Records for this exercise:

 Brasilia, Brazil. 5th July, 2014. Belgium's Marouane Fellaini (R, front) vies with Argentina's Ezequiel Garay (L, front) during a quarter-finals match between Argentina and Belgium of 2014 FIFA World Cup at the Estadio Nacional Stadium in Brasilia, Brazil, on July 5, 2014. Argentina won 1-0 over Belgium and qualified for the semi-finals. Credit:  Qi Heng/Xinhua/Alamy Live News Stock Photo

==

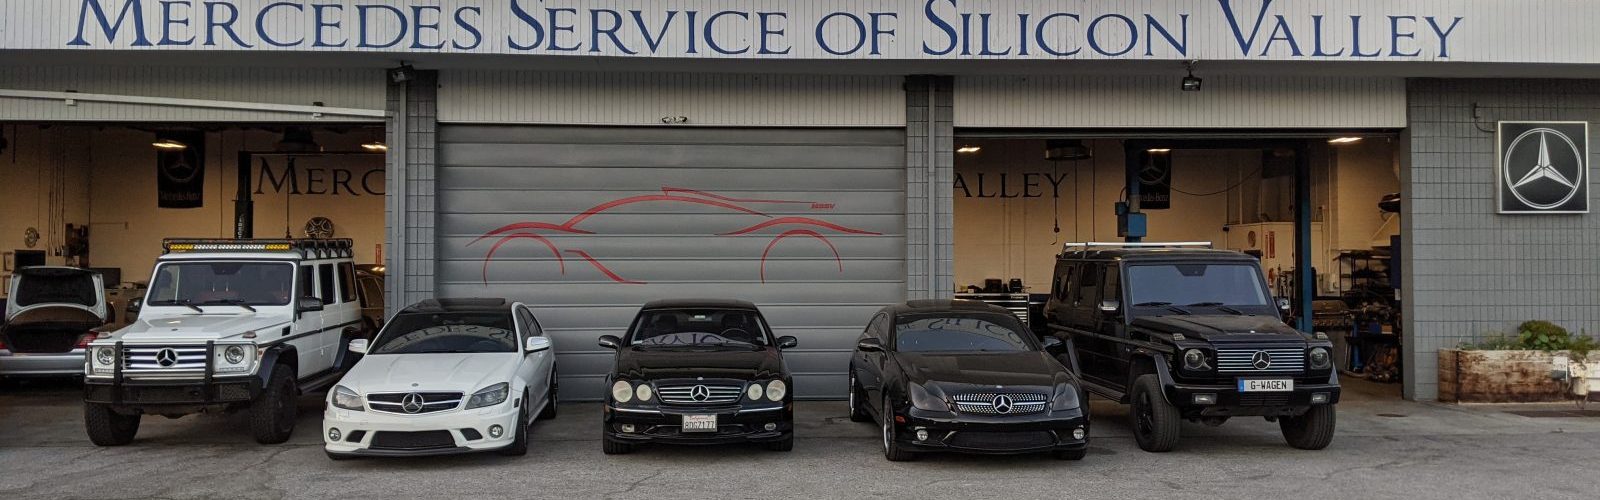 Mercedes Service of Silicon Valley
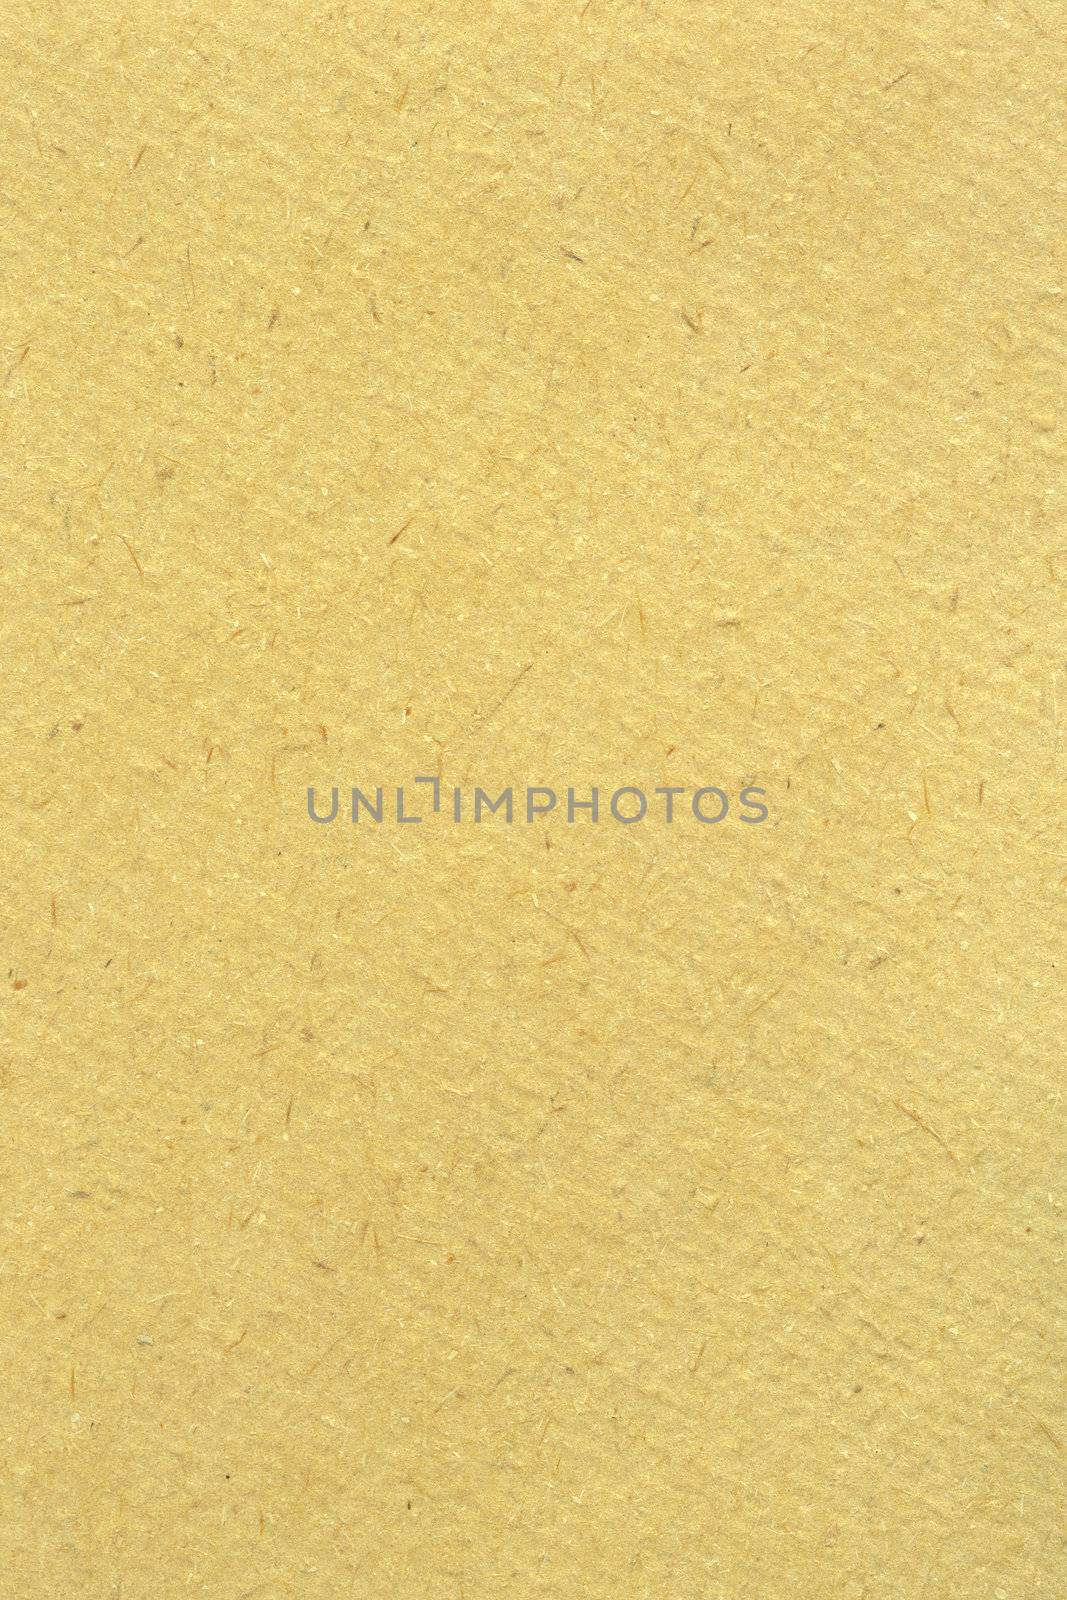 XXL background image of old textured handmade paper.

---

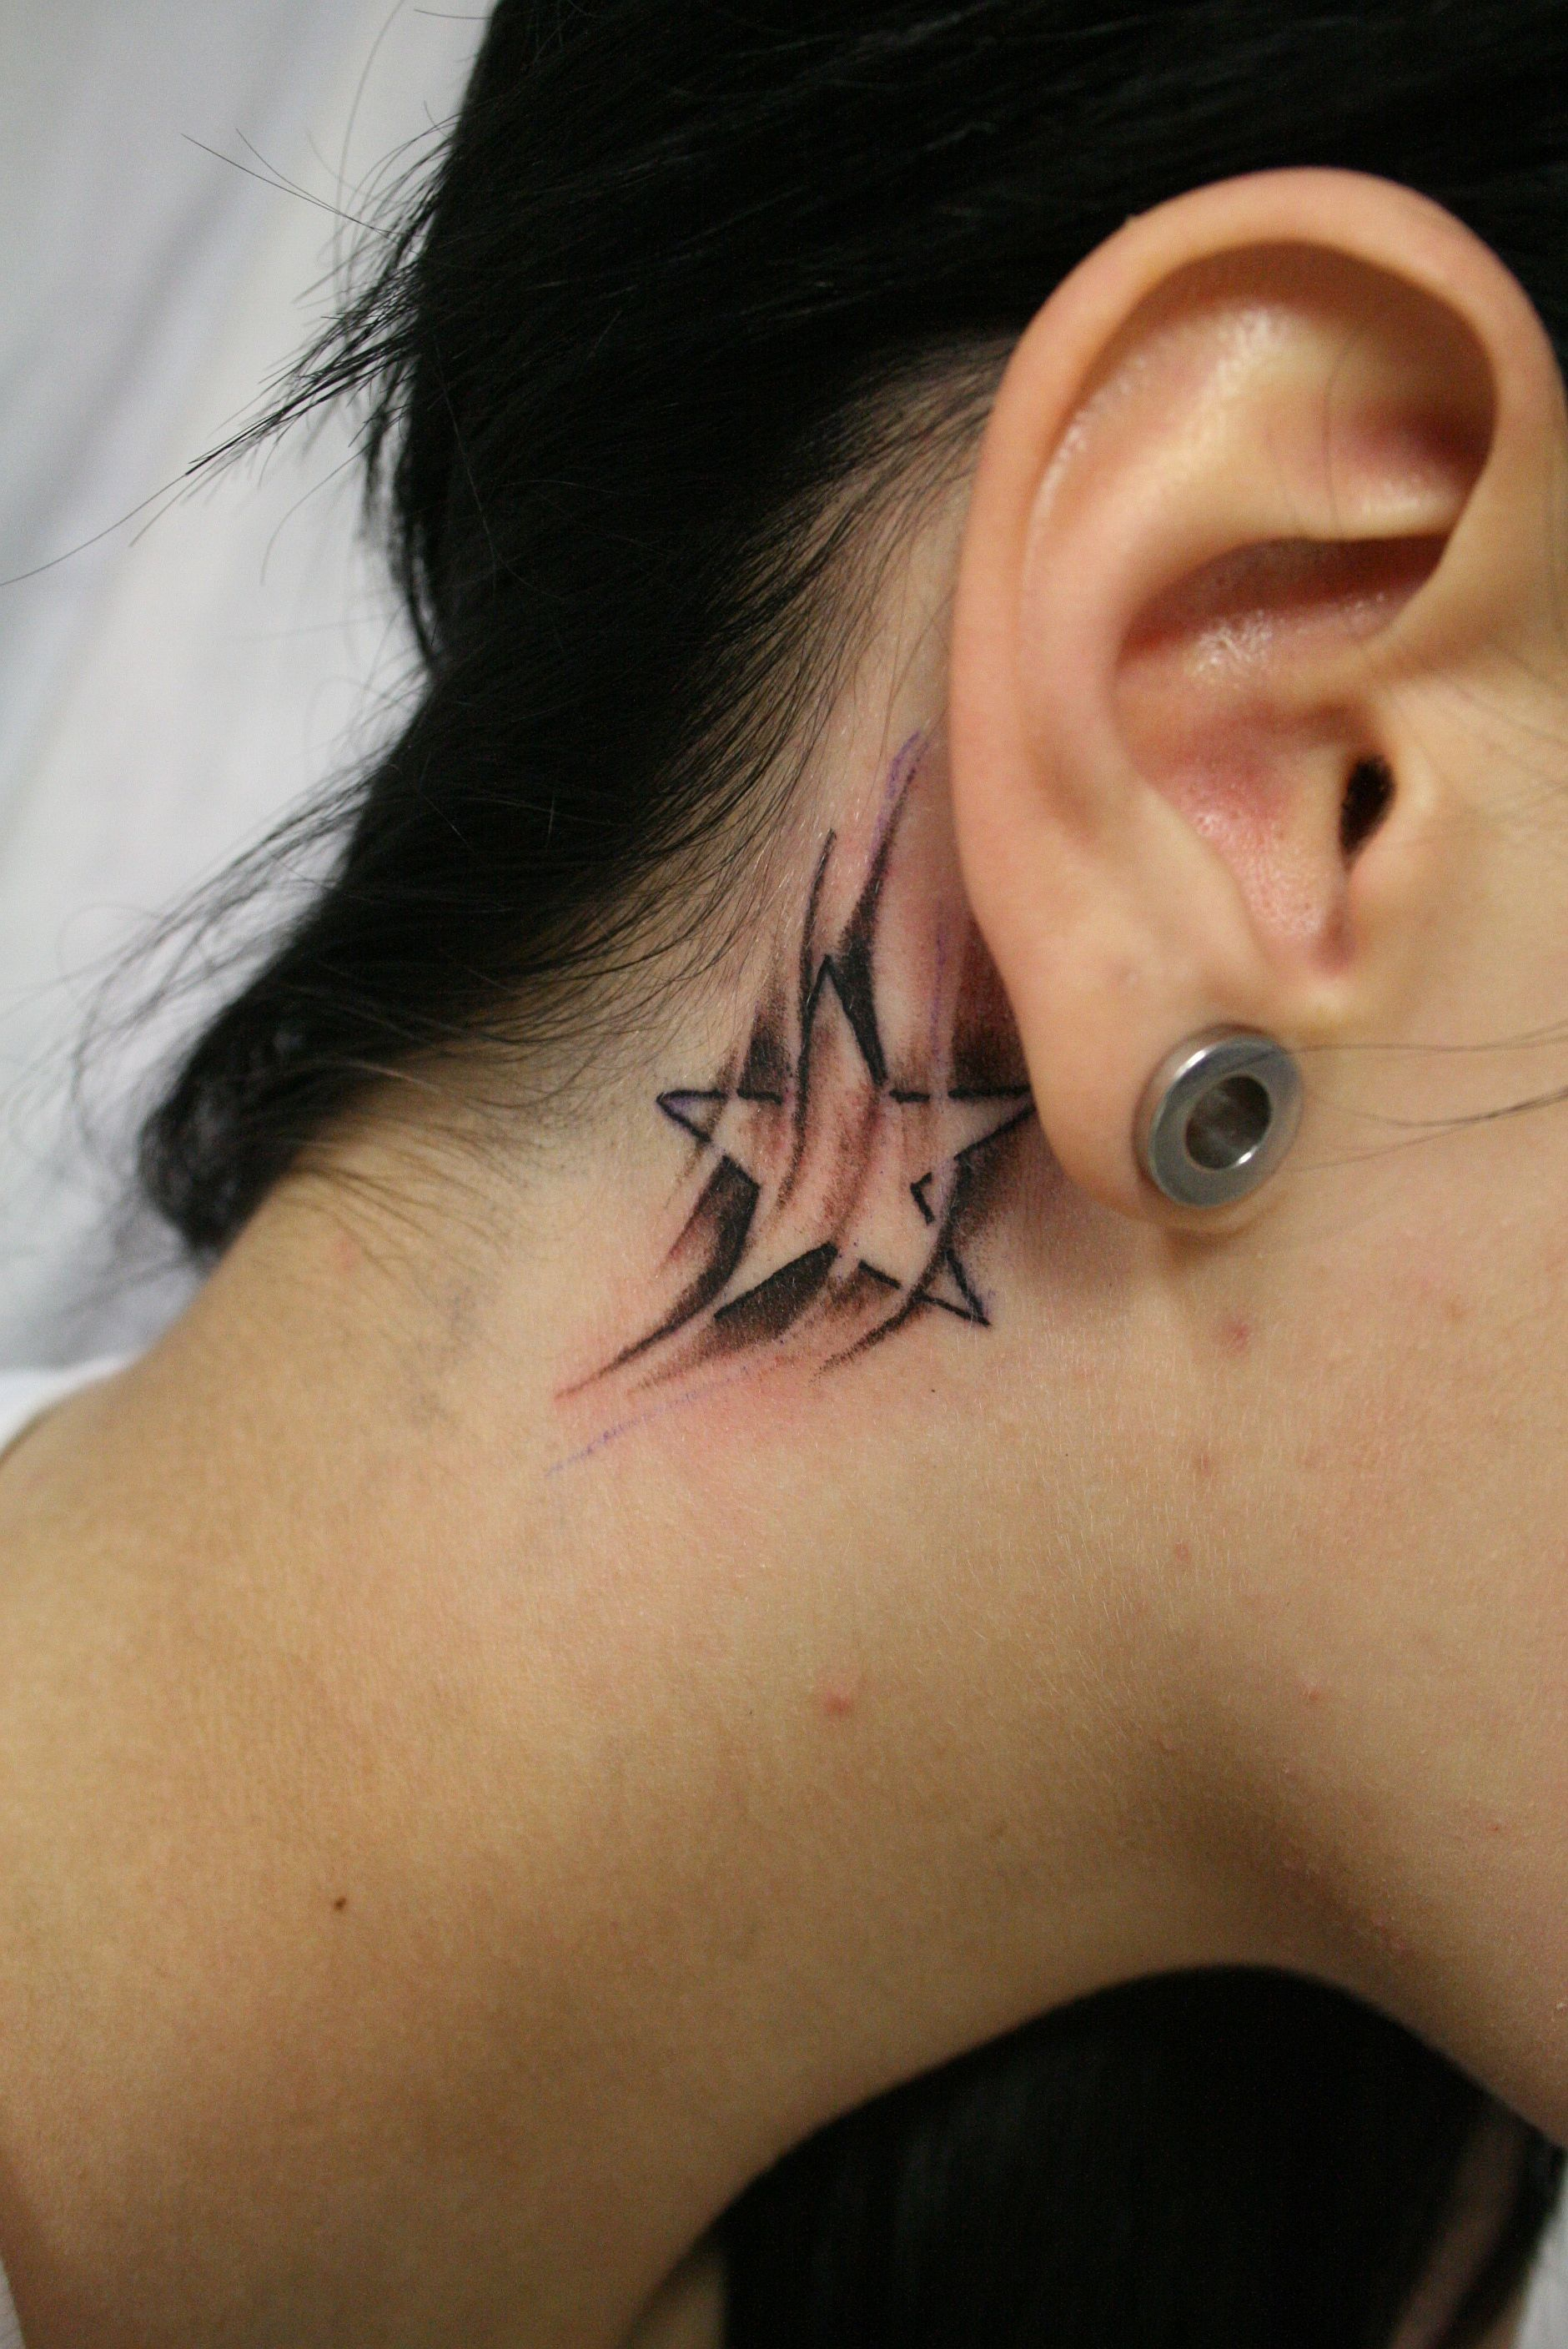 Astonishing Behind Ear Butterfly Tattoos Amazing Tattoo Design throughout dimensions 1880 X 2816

Required action: I'd like the lines above repeated exactly, from the one that contains "Mercedes Service of Silicon Valley" through the one that contains "XXL background image", with no pictures.

Answer box:
 Mercedes Service of Silicon Valley
 XXL background image of old textured handmade paper.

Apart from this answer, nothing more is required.